Shapeable multifunctional craniocerebral artificial device

Technical Field

The invention relates to the field of medical dredging devices, in particular to a shapable multifunctional craniocerebral dredging device.

Background

The keyhole technology is a medical technology applied to minimally invasive surgery of intracranial aneurysms and other diseases. The development of the lockhole technology in China is late, and in recent decades, the lockhole technology has almost no continuous development and clinical application. With the development of medical technology and the continuous improvement of medical equipment and instruments, particularly the development of medical imaging and endoscopic equipment in recent years, the development of micro neurosurgery technology is advanced, and more cerebral neurosurgery is sequentially started to explore craniocerebral minimally invasive surgery. By matching the precise imaging equipment with the micro-neurosurgery, the combination of the endoscopic surgery and the micro-neurosurgery and the keyhole technology have been newly advanced and developed.

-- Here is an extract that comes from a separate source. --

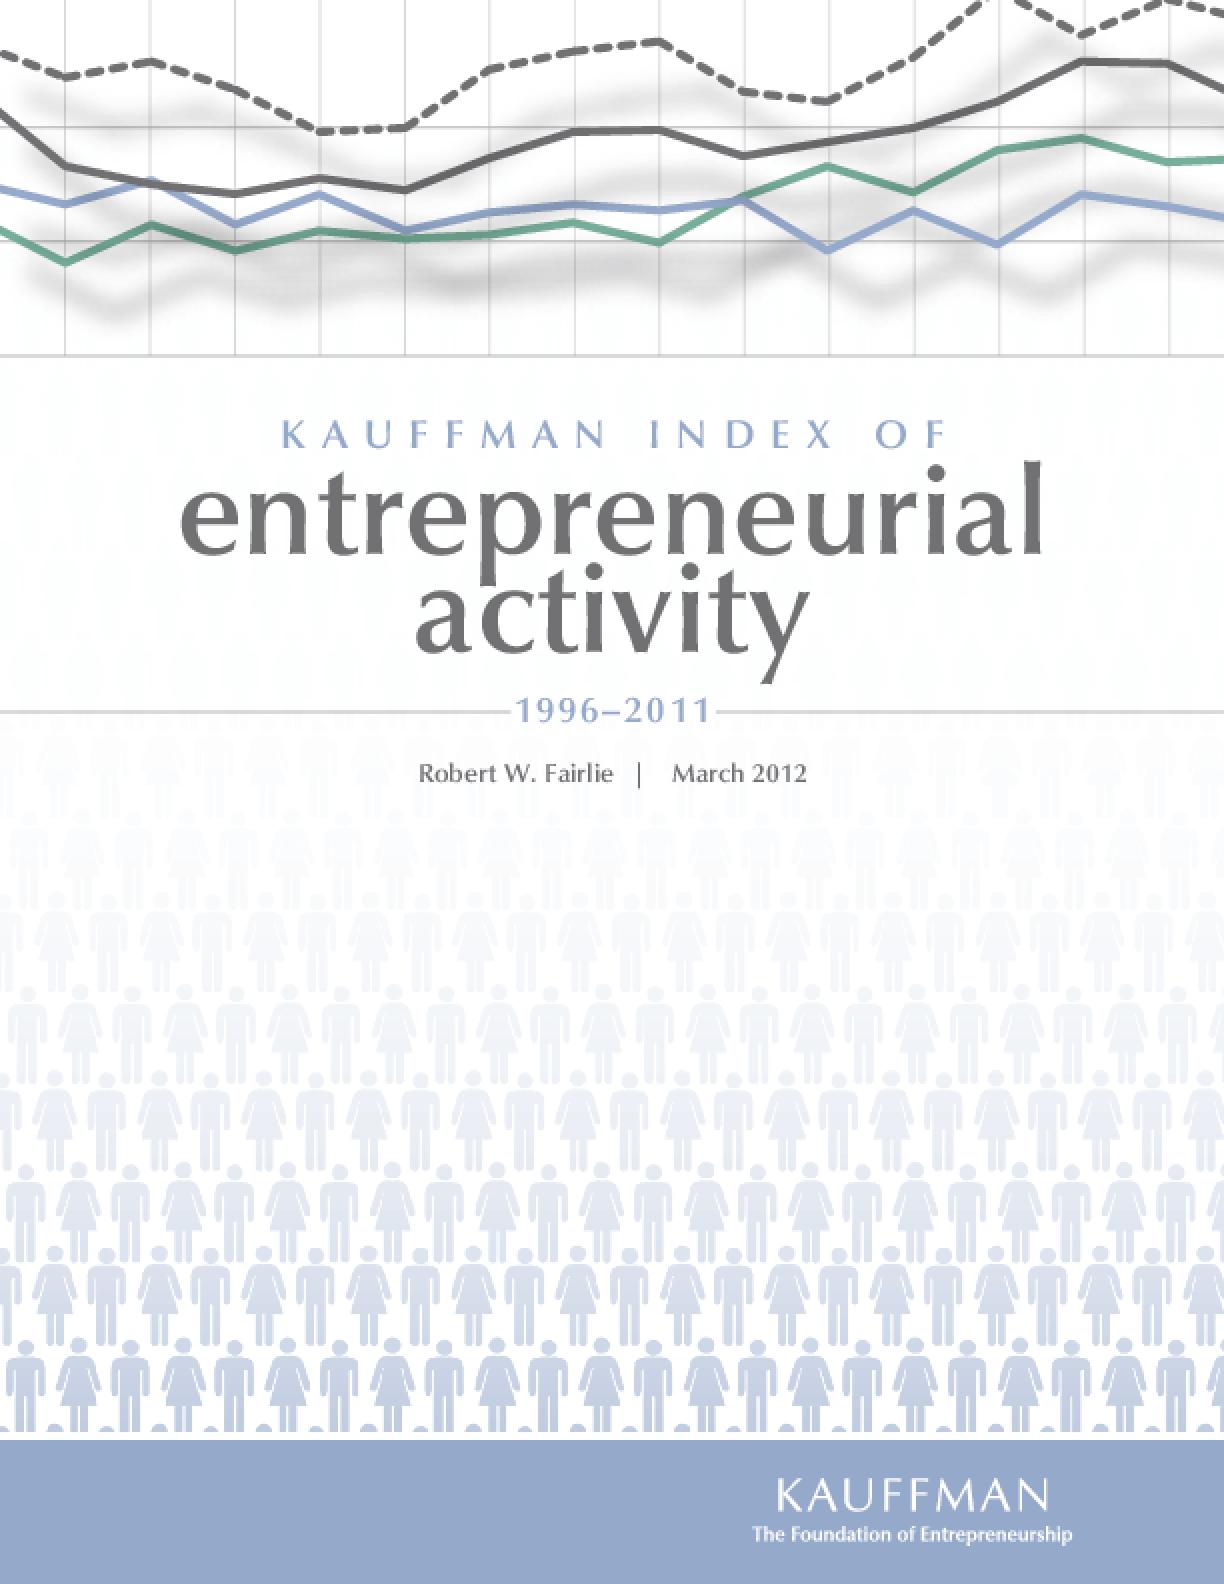 Kauffman Index of Entrepreneurial Activity 1996-2011

The keyhole technology can directly reach the traumatic skull base focus through a small interface passage by scientific utilization of a ventricle system and an intracranial natural gap, so that the operation is safe and convenient.

In the keyhole technique, the aperture of the entrance is preferably about 2.5-3 cm, and the requirement of the entrance and the focus position determine the size of the aperture and the depth of penetration. Regardless of how the access is required, the basic principle of implementation is:

providing a surgical channel which minimally invasively damages the important structures of the brain tissue, and providing a space which is large enough to handle the lesions under the principle that the reconstruction channel minimally damages the brain tissue structures. But also eliminates all unnecessary injuries as far as possible, especially brain nerve tissue and brain blood vessels in the cranium.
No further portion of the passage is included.